• [Instructions for the task]: Copy out exactly the lines from the line containing "Скачать новый тик" to the end of the listing.
----
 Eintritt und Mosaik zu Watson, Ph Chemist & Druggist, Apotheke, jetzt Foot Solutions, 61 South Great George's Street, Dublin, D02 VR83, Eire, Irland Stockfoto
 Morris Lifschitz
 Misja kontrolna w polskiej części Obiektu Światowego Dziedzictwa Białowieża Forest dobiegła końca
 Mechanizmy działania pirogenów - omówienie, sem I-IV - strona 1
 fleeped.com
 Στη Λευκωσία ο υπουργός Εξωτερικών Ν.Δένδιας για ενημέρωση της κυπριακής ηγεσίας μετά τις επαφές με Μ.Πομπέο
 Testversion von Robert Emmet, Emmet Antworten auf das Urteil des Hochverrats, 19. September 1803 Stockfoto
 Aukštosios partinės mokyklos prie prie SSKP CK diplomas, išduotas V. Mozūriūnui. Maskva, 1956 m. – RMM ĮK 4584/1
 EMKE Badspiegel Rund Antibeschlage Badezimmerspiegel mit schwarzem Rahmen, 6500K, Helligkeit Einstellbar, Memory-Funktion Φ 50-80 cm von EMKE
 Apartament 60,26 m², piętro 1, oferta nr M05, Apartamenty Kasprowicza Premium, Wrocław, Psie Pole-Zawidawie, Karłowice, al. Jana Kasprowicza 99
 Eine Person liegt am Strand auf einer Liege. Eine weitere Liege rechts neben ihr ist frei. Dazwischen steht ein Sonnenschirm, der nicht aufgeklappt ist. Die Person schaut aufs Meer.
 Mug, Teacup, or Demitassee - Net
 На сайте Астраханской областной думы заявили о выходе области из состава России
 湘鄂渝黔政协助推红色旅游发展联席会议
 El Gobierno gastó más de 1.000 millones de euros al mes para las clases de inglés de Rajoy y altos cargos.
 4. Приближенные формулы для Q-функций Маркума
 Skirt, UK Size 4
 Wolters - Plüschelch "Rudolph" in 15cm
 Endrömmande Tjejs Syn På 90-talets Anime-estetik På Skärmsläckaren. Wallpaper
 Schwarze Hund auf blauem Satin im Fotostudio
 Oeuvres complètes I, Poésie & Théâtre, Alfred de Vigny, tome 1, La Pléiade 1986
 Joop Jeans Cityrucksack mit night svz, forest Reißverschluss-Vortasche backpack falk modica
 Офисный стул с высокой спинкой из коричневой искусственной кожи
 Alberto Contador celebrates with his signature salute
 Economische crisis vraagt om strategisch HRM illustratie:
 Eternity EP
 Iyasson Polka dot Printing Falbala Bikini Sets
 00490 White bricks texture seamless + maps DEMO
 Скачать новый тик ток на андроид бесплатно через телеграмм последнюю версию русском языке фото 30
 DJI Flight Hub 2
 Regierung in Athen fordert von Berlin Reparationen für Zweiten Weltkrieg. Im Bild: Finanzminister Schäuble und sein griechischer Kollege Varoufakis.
----
• [Answer area]:
 Скачать новый тик ток на андроид бесплатно через телеграмм последнюю версию русском языке фото 30
 DJI Flight Hub 2
 Regierung in Athen fordert von Berlin Reparationen für Zweiten Weltkrieg. Im Bild: Finanzminister Schäuble und sein griechischer Kollege Varoufakis.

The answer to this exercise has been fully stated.